Switzerland is one of the best-known global tax havens due to its relaxed tax system and strong privacy laws, and therefore comes under pressure from both US and European Union regulators. The landlocked European country has long allowed wealthy individuals to pay low taxes and, for example, taxes only households and not individuals.
Crypto transactions are treated in the same way as traditional transactions, and the Swiss Federal Tax Administration recognizes that all individuals’ crypto trading profits and losses are exempt from tax reporting. However, crypto companies are required to report their profits and are taxed.

Switzerland’s extremely favorable crypto taxation policy is one of the main reasons why both shell companies and several crypto foundations are established in the country.

Germany

Germany is probably the most unexpected crypto tax haven on this list. The country is tax-free on cryptocurrency investments that have been held for over a year. There is also a 600 Euro tax exemption for cryptocurrencies exchanged for fiat or other cryptocurrencies. However, those who earn 600 euros or more in a year are taxable.

Malta

Malta is popularly known as a “blockchain island” as the small island nation markets itself as an attractive destination for crypto investors and businesses. The country does not impose capital gains on long-held cryptocurrencies. In contrast, crypto investors cannot enjoy the same benefits, as those who trade crypto are taxed similarly to stocks that trade.

Crypto trading attracts a 35 percent tax rate, although it can be reduced to under 5 percent with configuration options.

Belarus

With a crypto-friendly law enacted in 2018 to legalize crypto activities and waive related taxes for five years until 2023, Belarus has made a serious proposition to position itself as an attractive alternative for crypto industry startups and investors. Given its commitment to supporting the growing digital finance industry, it’s no surprise that the country ranks in the world’s top 20 when it comes to crypto trading.

Slovenia

Slovenia has a slick but potentially relaxed tax regime. The country does not tax trading in cryptocurrencies other than what is considered “permanent business activity”. However, the biggest drawback is that there is no clear framework for defining a “permanent business activity”. Cryptocurrency investors may not know if they can be completely exempted from paying taxes, but if they are, they can enjoy a 0 percent tax rate on their crypto trades.

Portugal

Portugal is one of the favorite countries of crypto investors. The European country ruled in 2018 that crypto investors are exempt from the income tax levied at a rate of 28 percent. This exemption only applies to individuals, as businesses that accept crypto payments are still liable to pay income taxes.

Singapore

Many businesses and individuals move to Singapore because they are impressed by its highly developed financial system and favorable tax legislation and rates. Since Singapore has never imposed this type of tax, individuals and businesses holding crypto assets as a long-term investment are not required to pay capital gains tax.
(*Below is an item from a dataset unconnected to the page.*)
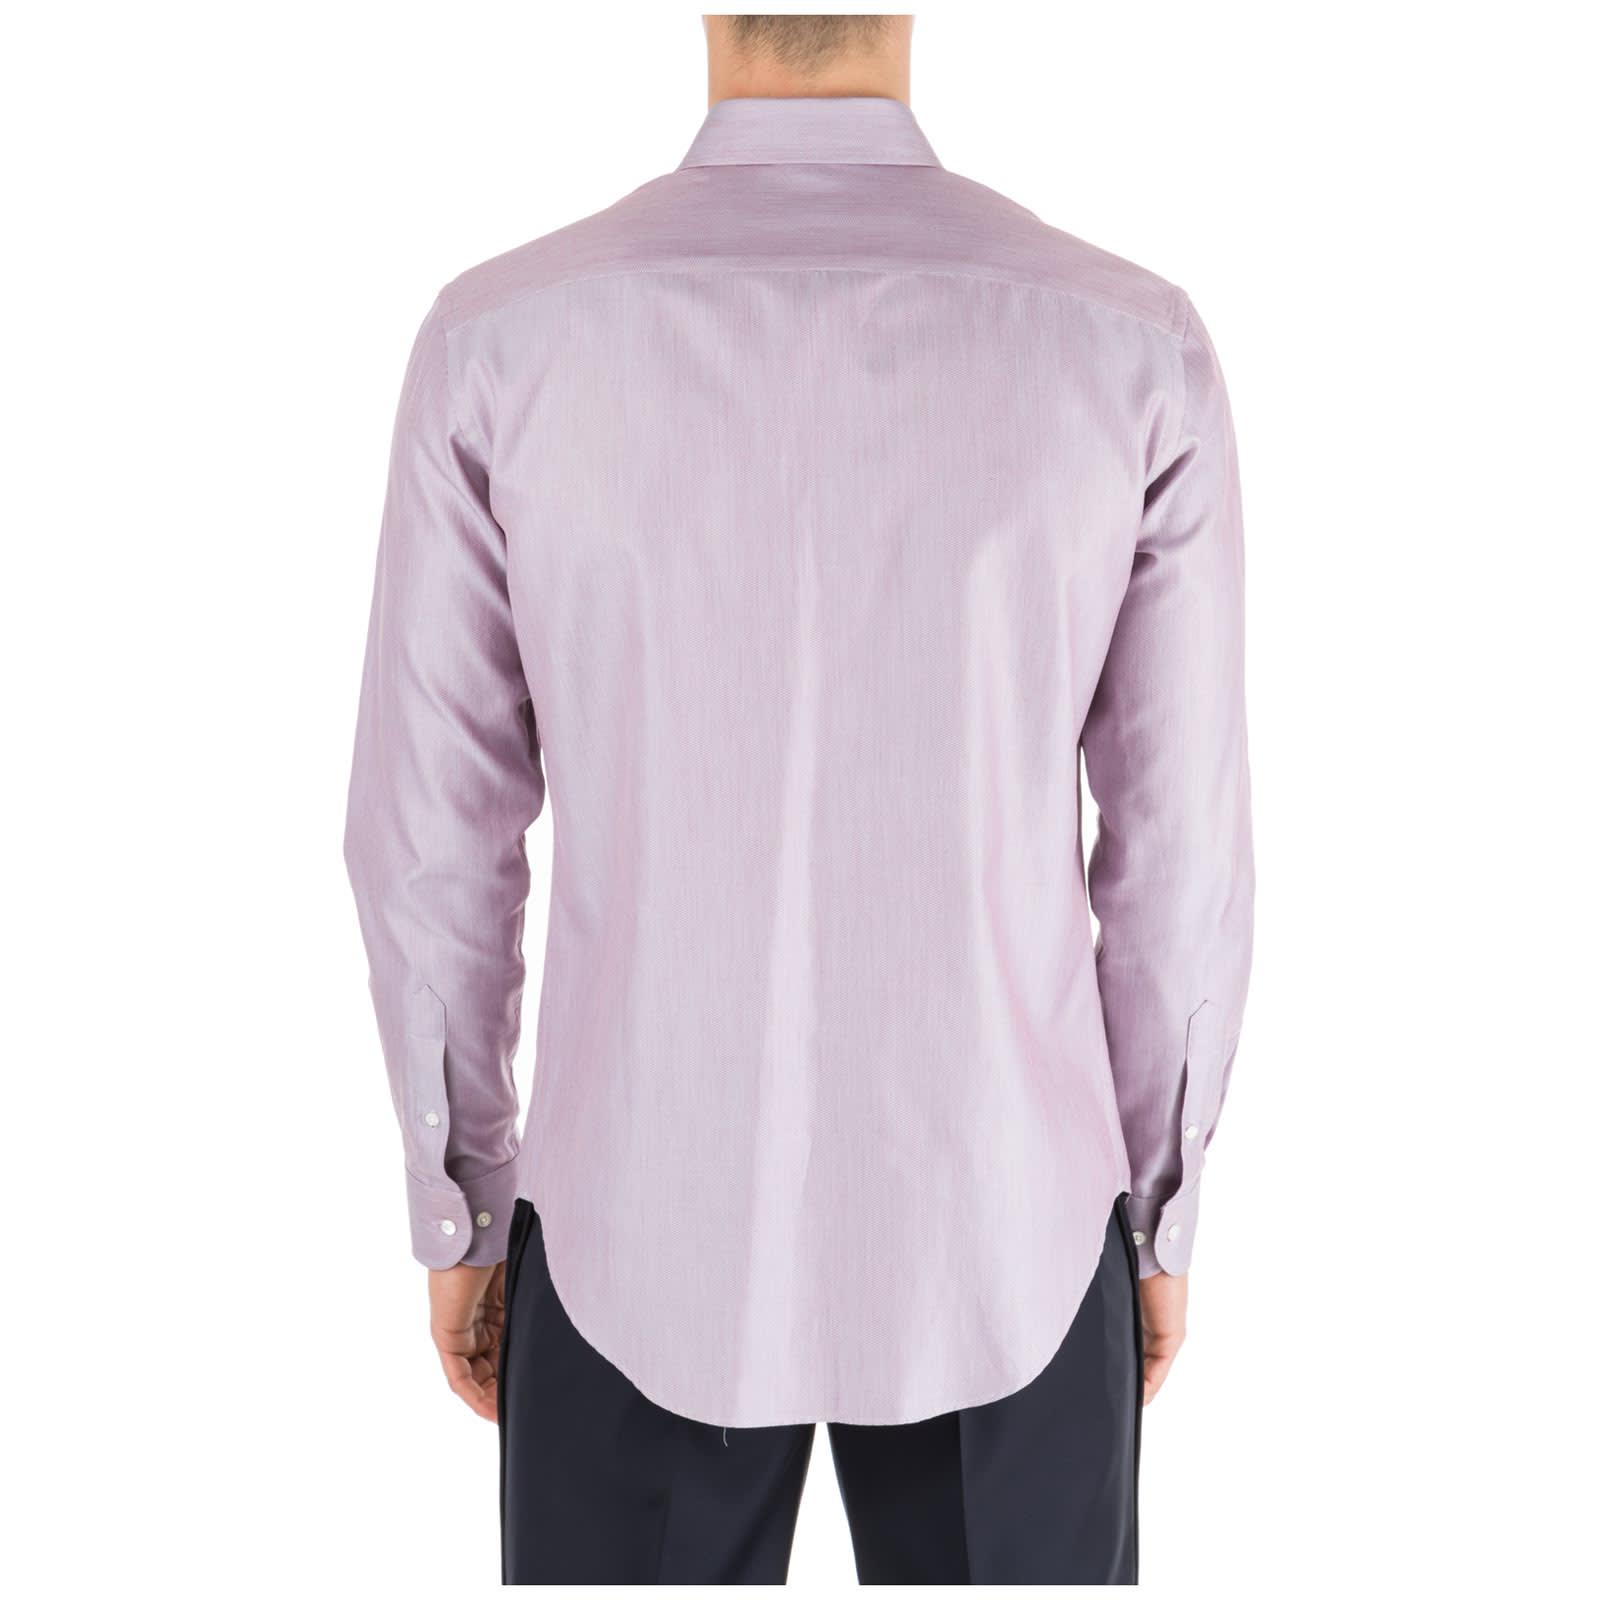 cheap for discount dd3b6 f050f Best price on the market at italist   Emporio Armani Emporio Armani  Herrenhemd Hemd Herren Langarm Langarmhemd Modern Fit

However, companies that focus on crypto trading or accept digital assets as a form of payment are liable to pay income tax. In 2020, the Singapore tax authority published a brief crypto tax guide explaining that short-term business gains are taxable.

Hong Kong

Hong Kong is a special administrative region (SAR) rather than a country, but it is a leading financial center with friendly crypto taxation laws that ensure it earns a spot on this list. Digital assets purchased and held as long-term investments in Hong Kong are not subject to any tax, just like Singapore, there is no capital gains tax in Hong Kong. However, registered business entities or individuals trading cryptoassets as a “normal course of business” (17 percent tax ceiling) will be charged income tax on profits.

Malaysia

Authorities in Malaysia do not consider digital currencies as legal tender or assets. As a result, cryptocurrency transactions are not taxed and digital assets are exempt from capital gains tax. This law only applies to individuals. Cryptocurrency-focused businesses must comply with Malaysian income tax rules.